When I began my work as a pediatric chaplain I was astonished to learn that there was only one religious service offered each year--Ash Wednesday. The Roman Catholic priest who served the hospital explained that other services had been attempted but Ash Wednesday was the only service that people actually showed up for.
I was somewhat incredulous. No Christmas? No Easter? Just Ash Wednesday?
And, believe it or not, it was quite literally the best attended Ash Wednesday liturgy I have ever experienced. Hundreds of people came--patients, families, staff. Those who could not attend the noon day service knew that we would come to each floor of the hospital carrying our ashes and inscribe a dusty cross upon anyone who requested one.
I was literally stopped in the hallway again and again. Do you have ashes? Do you have ashes? Can we still get ashes?
Yes. Yes. And, yes.
“Remember that you are dust and to dust you shall return” as I carefully swept my thumb down and then across the solemnly presented forehead.
That was it. A liturgy consisting of a mere 11 words and a single liturgical action.
It could have felt out of context. It could have felt like a mechanical action devoid of meaning. But, it didn’t.
The context was a place which averaged two deaths a week. The action was each pulse of an artery, every IV placed, the sweep of mops, and every carefully inscribed note in medical charts heavier than the lives they chronicled. The liturgy of breath and hope, of death and resurrection.
Is it any wonder then that nurses would crowd around as I carried my small pouch of ashes?
Each to each and one by one. In a hospital containing thousands, the only ministry that day, barring emergencies, was the administration of the ashes.
I have long imagined that part of the inspiration to receive ashes in this setting was the desire to be reminded that death does not win, that there is something more and greater. That when providers are faced with the reality that not all lives can be saved they might be reminded that we all face the same limits of our mortality. There are times when breath cannot be breathed back into the body and I imagined that the ashes served as a reminder of God’s care when those we have loved or served move beyond our care.
From dust to birth, from birth to life, from life to dust.
We could stop here, we could sit with that truth of dustness of ashness of the reality that we come of the earth and return to the earth and that those we do not leave will leave us.
But, that’s not the end of the story.
Because those ashes trace the same line as the chrism of our baptism. The oil traced in cruciform and the ashy remnants of our celebration cannot be separated. Life and death juxtaposed in the creases and wrinkles and pores of our foreheads.
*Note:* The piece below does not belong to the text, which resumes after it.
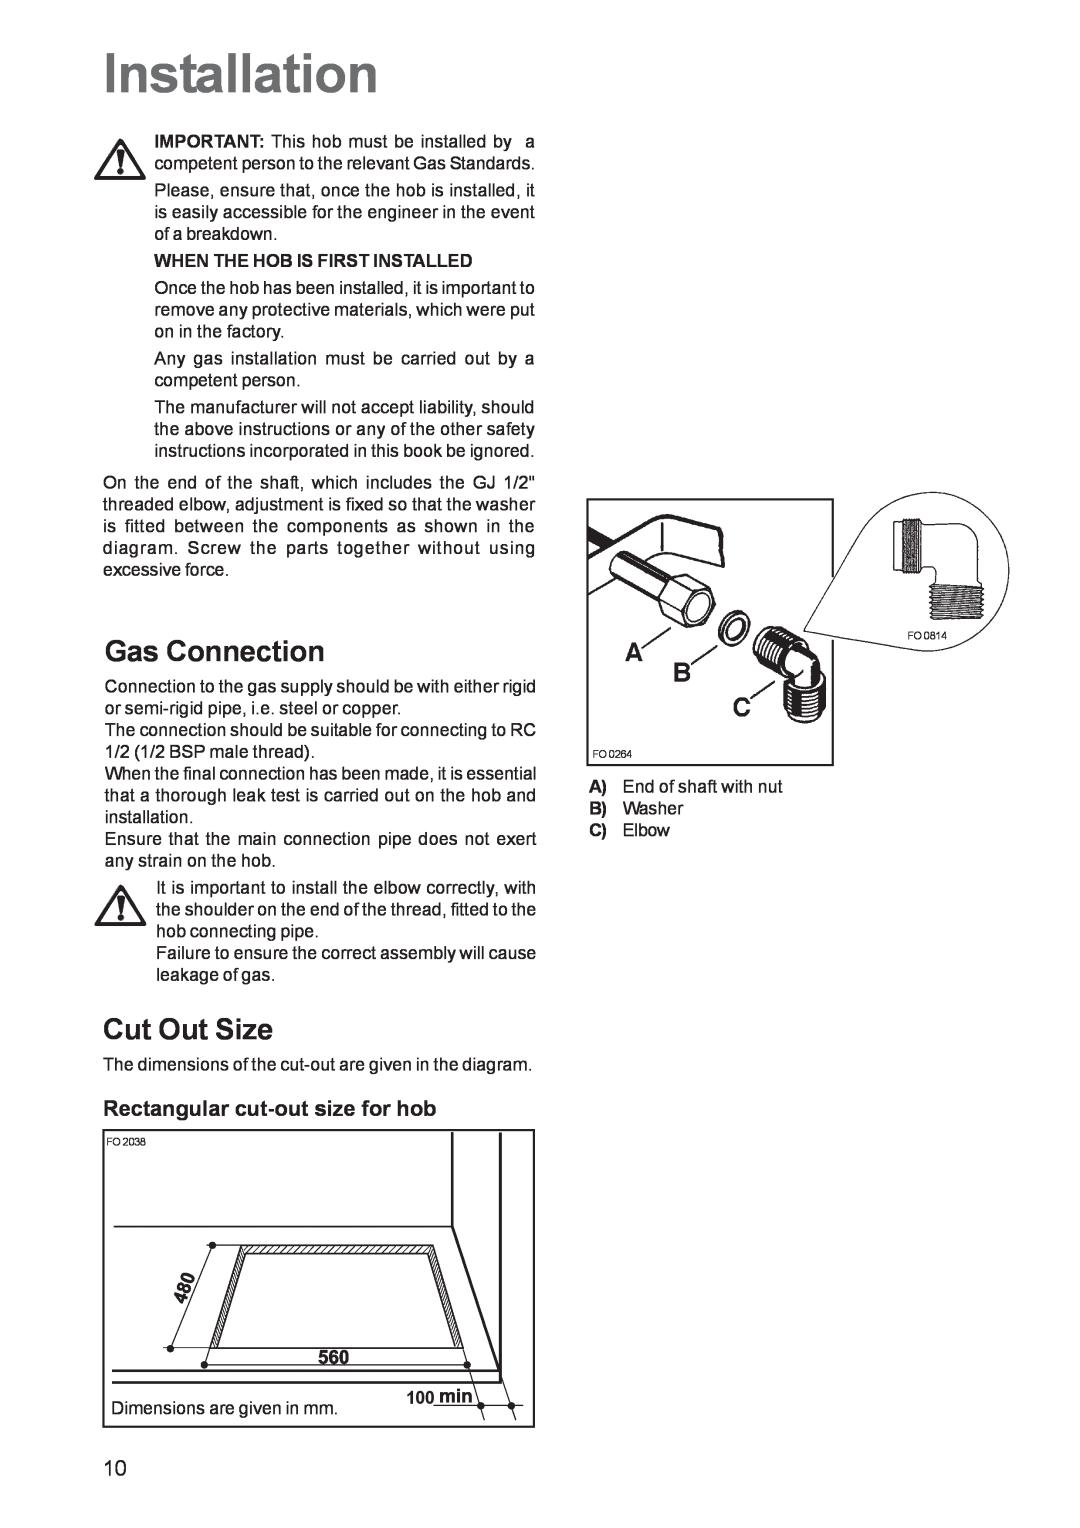 Electrolux EHG 6762 manual Installation, Gas Connection, Cut Out Size, Rectangular cut-out size for hob

Ashes and oil, oil and ashes. The themes of baptism and Ash Wednesday intermingle--restoration, reconciliation, community. We are the household of God, and, in wearing these ashes, we are called to remember the mandate that concludes the baptismal liturgy
“We receive you into the household of God. Confess the faith
of Christ crucified, proclaim his resurrection, and share with
us in his eternal priesthood.”
of Christ crucified, proclaim his resurrection, and share with
us in his eternal priesthood.”
There is work to be done.
And thus, in this moment, I imagine something new. Those nurses, those doctors, the staff, the patients and the families. They carried their ashes amongst the tiny inhabitants of the neonatal intensive care unit, they pulled down surgical caps, adjusted wires and tubing, soothed and comforted, listened and worked. Those who bore ashes stood watching and waiting and weeping. The quick anointing with earth in the rush of the hallway became a reminder of their calling. Those ashes were ashes of new life, ashes of promise and of hope.
In the hospital, there were hundreds carrying those ashes--and now I see more clearly that in the cross they carried, they shared in the eternal priesthood, shared in joy and sorrow, shared the burden, shared the pain and shared the hope. In those ashes there was the reminder that we may have nothing but we possess everything.
We possess everything, we have all that we need, and we do not stand alone.
Do you believe it? Do you believe that the ashes can make us whole?
Blow the trumpet in Zion; sanctify a fast; call a solemn assembly; gather the people. Sanctify the congregation; assemble the aged; gather the children, even infants at the breast.
There is work to be done and we shall do it together.